Several solutions for the secondary structure prediction problem have been proposed, and they use different approaches such as statistical, neural networks, and nearest-neighbour methods. The statistical approach is based on trying to calculate the probability of an amino acid to be a specific secondary structure by using sequences whose secondary structure is known. Chou-Fasman [1] is one the most representative programs that uses the statistical approach. Some other prediction programs are based on neural networks such as PHD [4], NNPredict [11], and Psipred [12]. These three programs are inspired by artificial neural networks theory, which establishes that a set of computational neurons is able to learn nonlinear deterministic relationships into the training dataset. Finally, one of the most successful approaches is the nearest-neighbour method. It takes the information from the k nearest amino acids whose secondary structure is trying to be predicted. Some of the most remarkable programs following this approach are SOPM [13], SOPMA [14], and PREDATOR [15].

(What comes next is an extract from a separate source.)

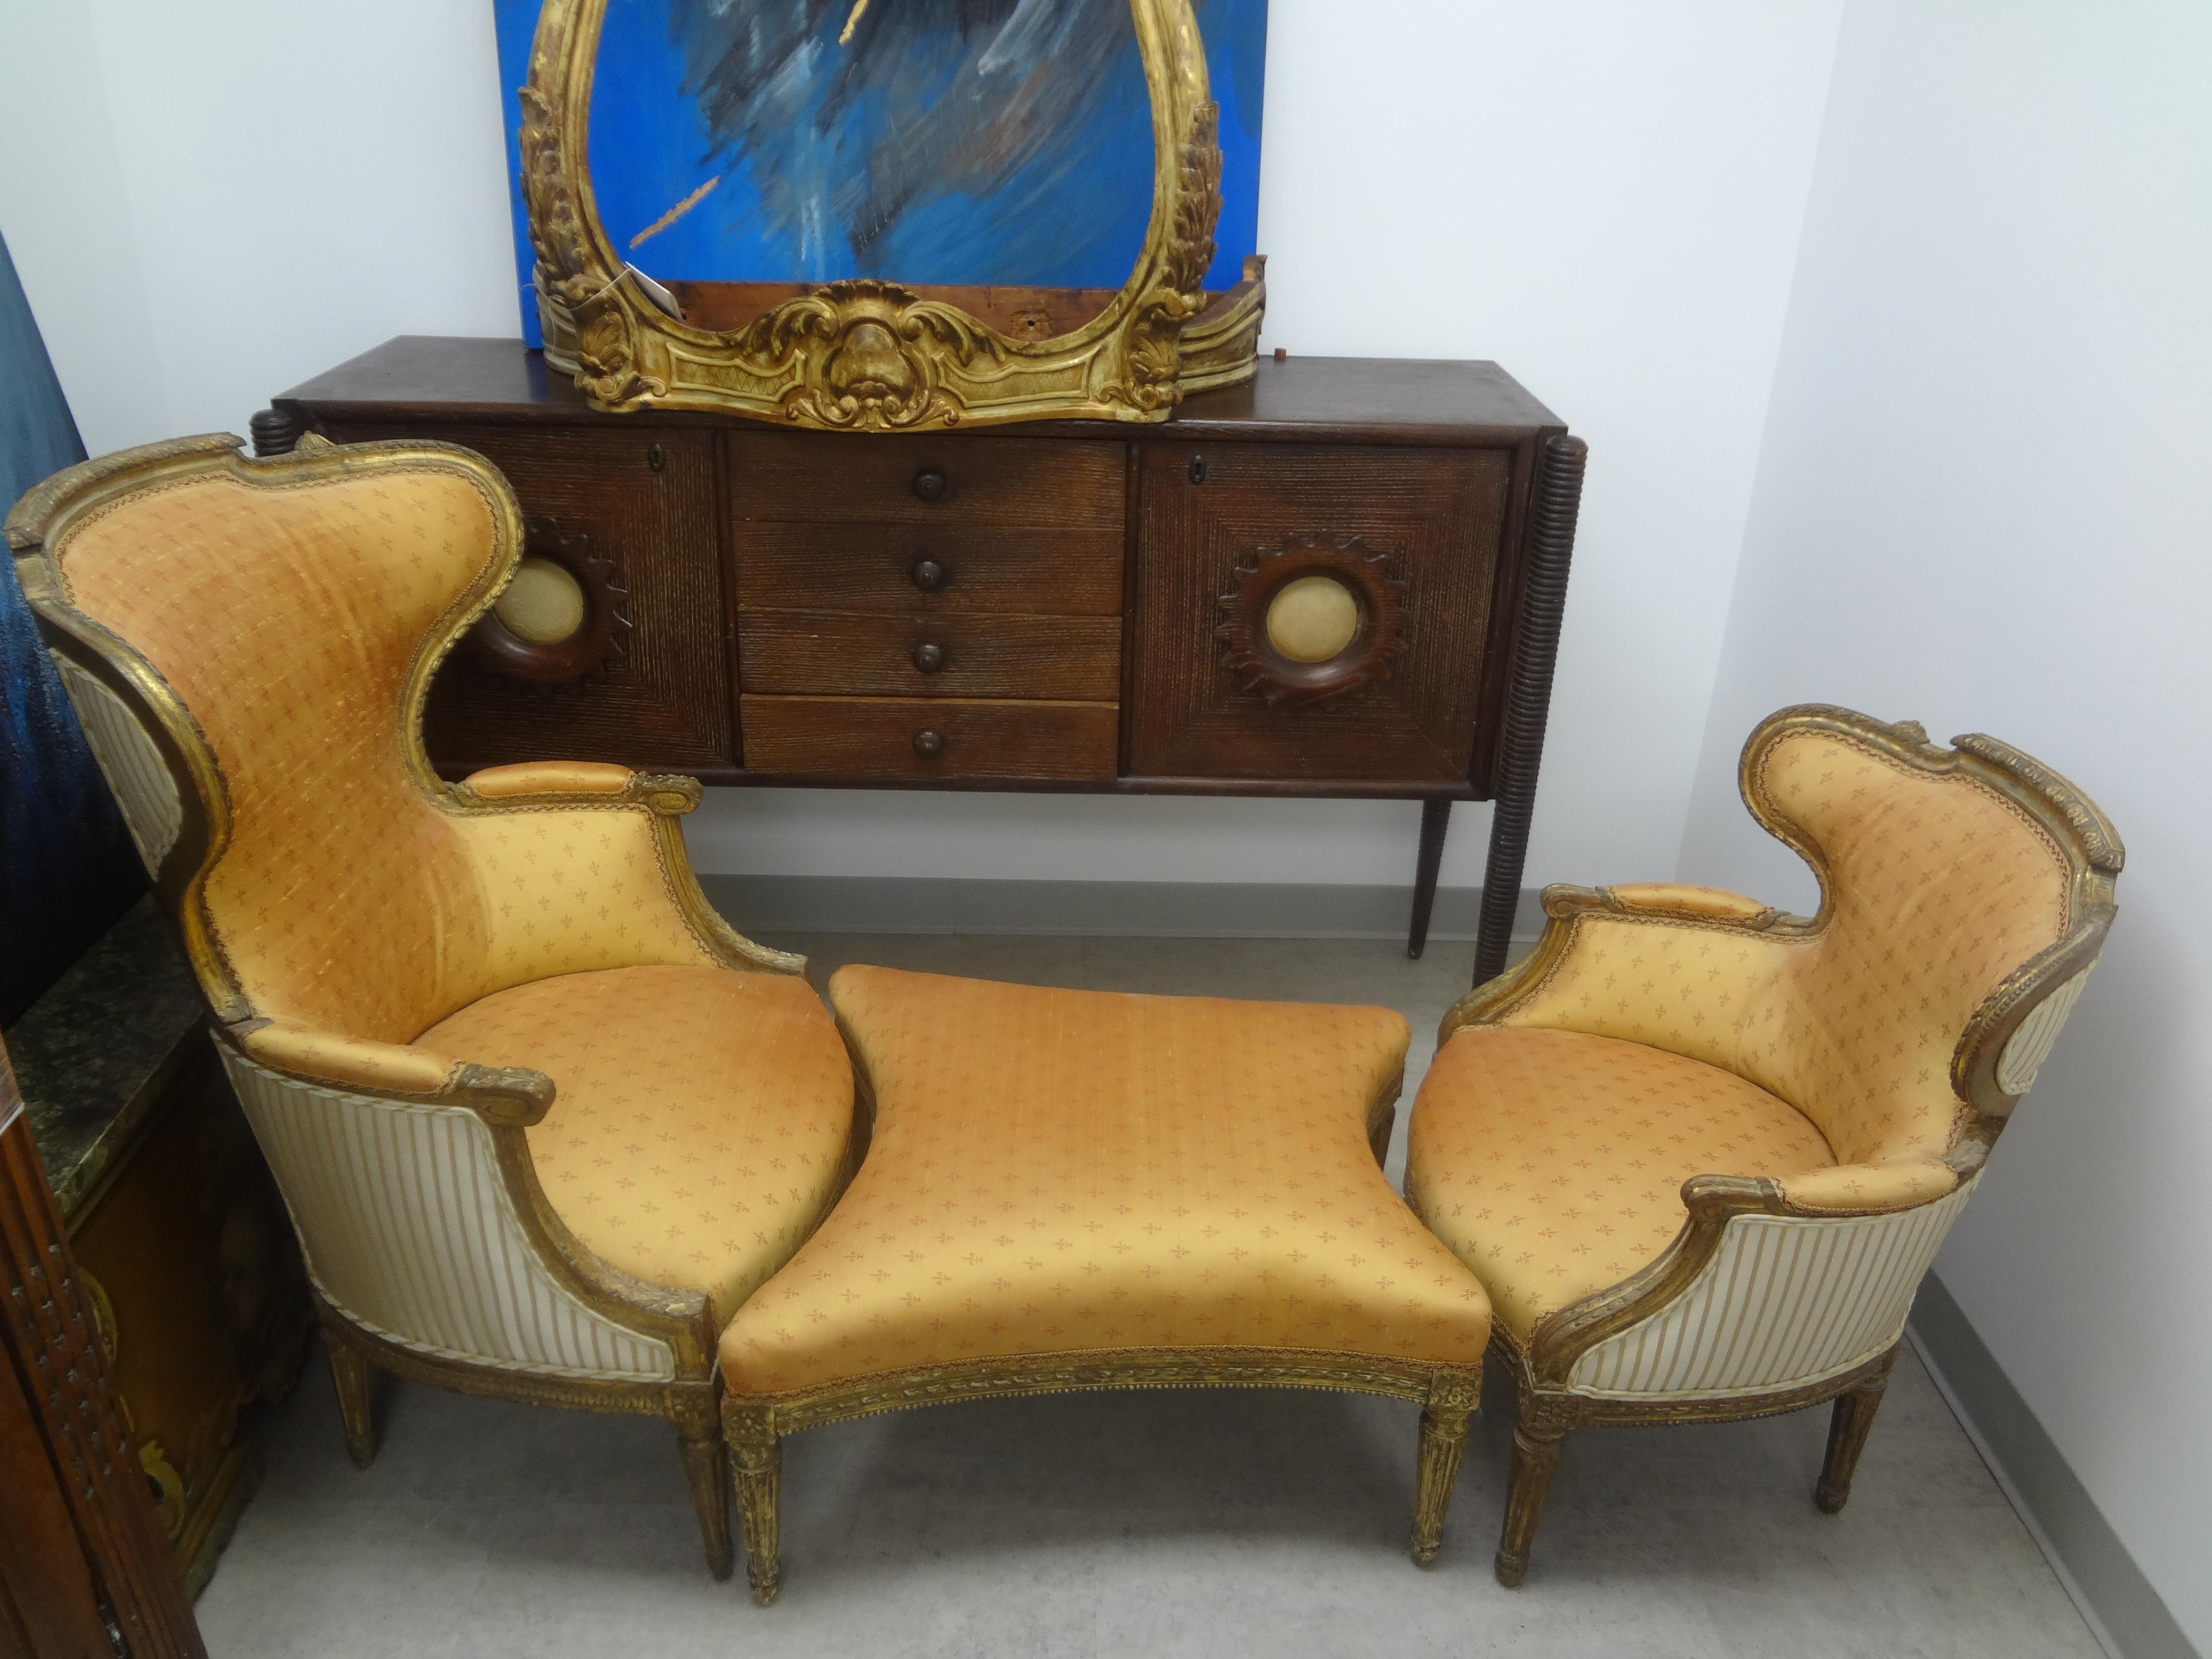 Duchesse Brisee en bois doré de style Louis XVI du 19e siècle.
Superbe Duchesse Brisee en bois doré de style Louis XVI, datant du 19ème siècle. Notre chaise longue Napoléon III de forme inhabituelle est composée de trois pièces. Une grande bergère

The main efforts in the secondary structure prediction problem are related to raising the prediction accuracy of the existing methods. There is an import issue in secondary structure prediction; the prediction of the existing methods do not coincide for some residues of many amino acid sequences (i.e., there is no consensus in the existing methods). Having a different prediction even for the same sequence can confuse biologists in real-life situations. For instance, the secondary structure prediction for the sequence TMIPAV obtained by the Chou-Fasman method is HHHEEN, which means residues T, M, I are classified as helix (H); P, A as sheets (E), and V as neither a helix nor a sheet (N). The same amino acid sequence was given to the DSC [16] program and the resulting secondary structures were HHENEE. As can be seen, different classifications were obtained for the same residues I, P, and V.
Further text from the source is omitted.